Today marks six years since the escalation of the conflict in Yemen turned into an all-out war which has brought devastation, death and destruction to Yemen, turning it into the world’s largest humanitarian crisis. In this context, promoting International Humanitarian Law (IHL) among all the parties to the conflict is an absolute necessity.

Over the past few years, the situation has become more complex with the fragmentation of armed actors representing an unprecedented challenge for humanitarian engagement. This is due to the fact that armed actors have been merging, splitting and fighting each other on a regular basis. As Vance Culbert, Head of Middle East and North Africa Region points out, “the relationships between armed actors in Yemen has rapidly changed over the past years. This underlines the importance of our engagement with a broad range of actors in the country.” While engaging armed actors alone is not sufficient to ensure that IHL is respected, Mr Culbert goes on: “in addition to getting armed groups to directly commit to respecting international humanitarian norms, Civil Society plays a strong role in influencing the behavior of armed groups. Geneva Call’s support for the IHL network allows Yemenis to advocate for their own rights.”
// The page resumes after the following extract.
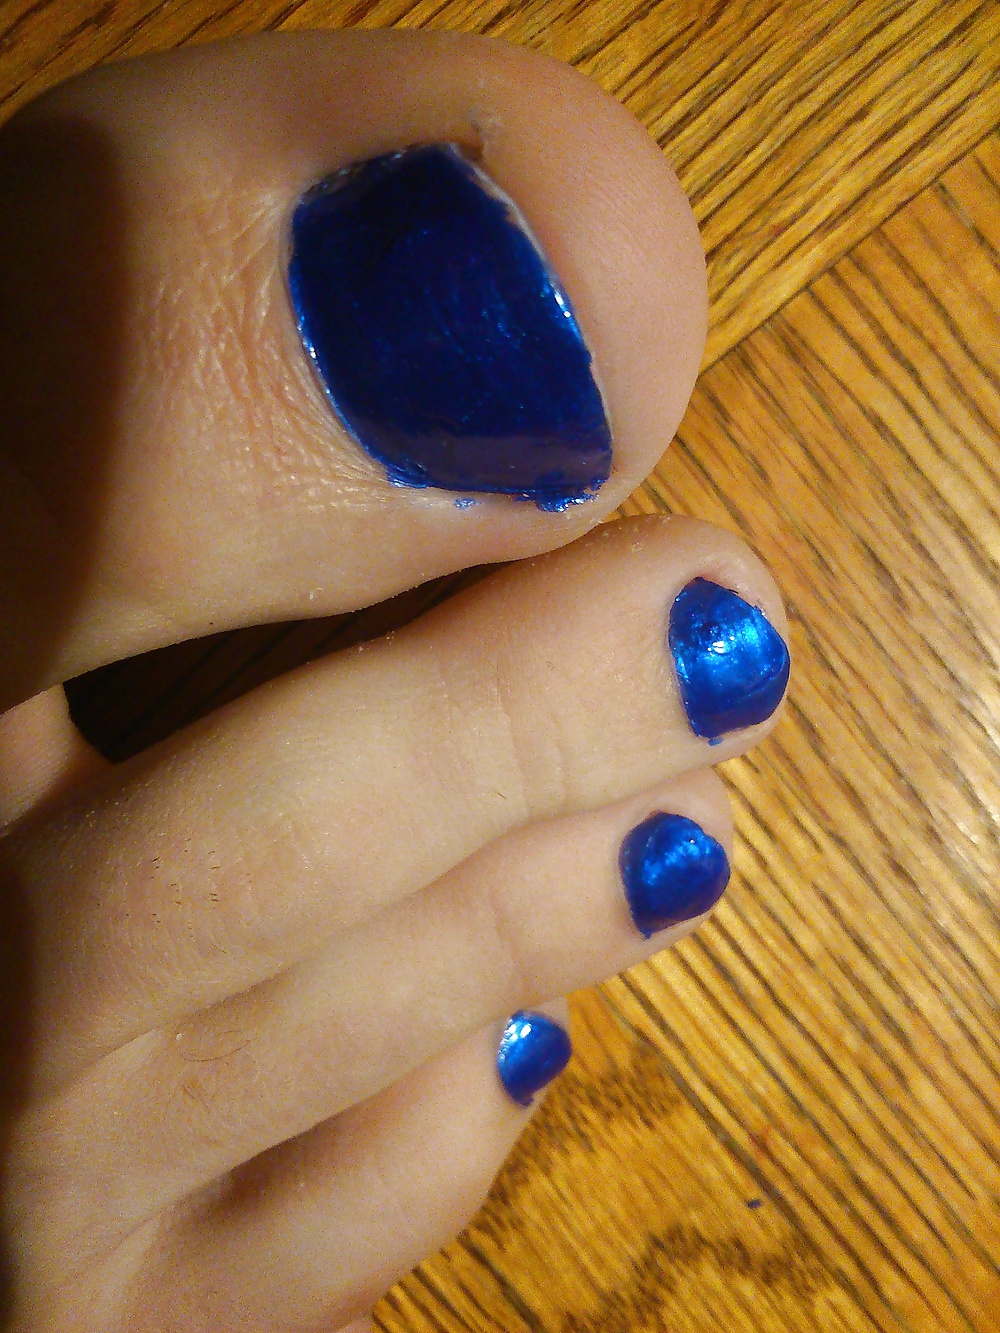 Feet And Toes In Blue Nail Polish And Leather High Heels. #30148012

This strategy has borne fruits; through training and awareness raising sessions, Geneva Call trained hundreds of armed actors’ high-ranking officials and soldiers on adhering to the law of armed conflict. Key influential Civil Society Organizations, officials, academics, NGOs and the media were also equipped with the skills necessary to further promote IHL. In parallel, Geneva Call’s Fighter not Killer campaign exceeded expectations by reaching nearly 2 million people on social media in the first year of its launch (2017). By August 2018, it had reached 3.3 million people, including the general public and members of armed actors. In addition, the Fighter Not Killer mobile app was launched in Yemen in August 2018, reaching almost 1 million individuals, fighters from all sides as well as civilians, encouraging them to promote IHL norms and advocate for improved protection.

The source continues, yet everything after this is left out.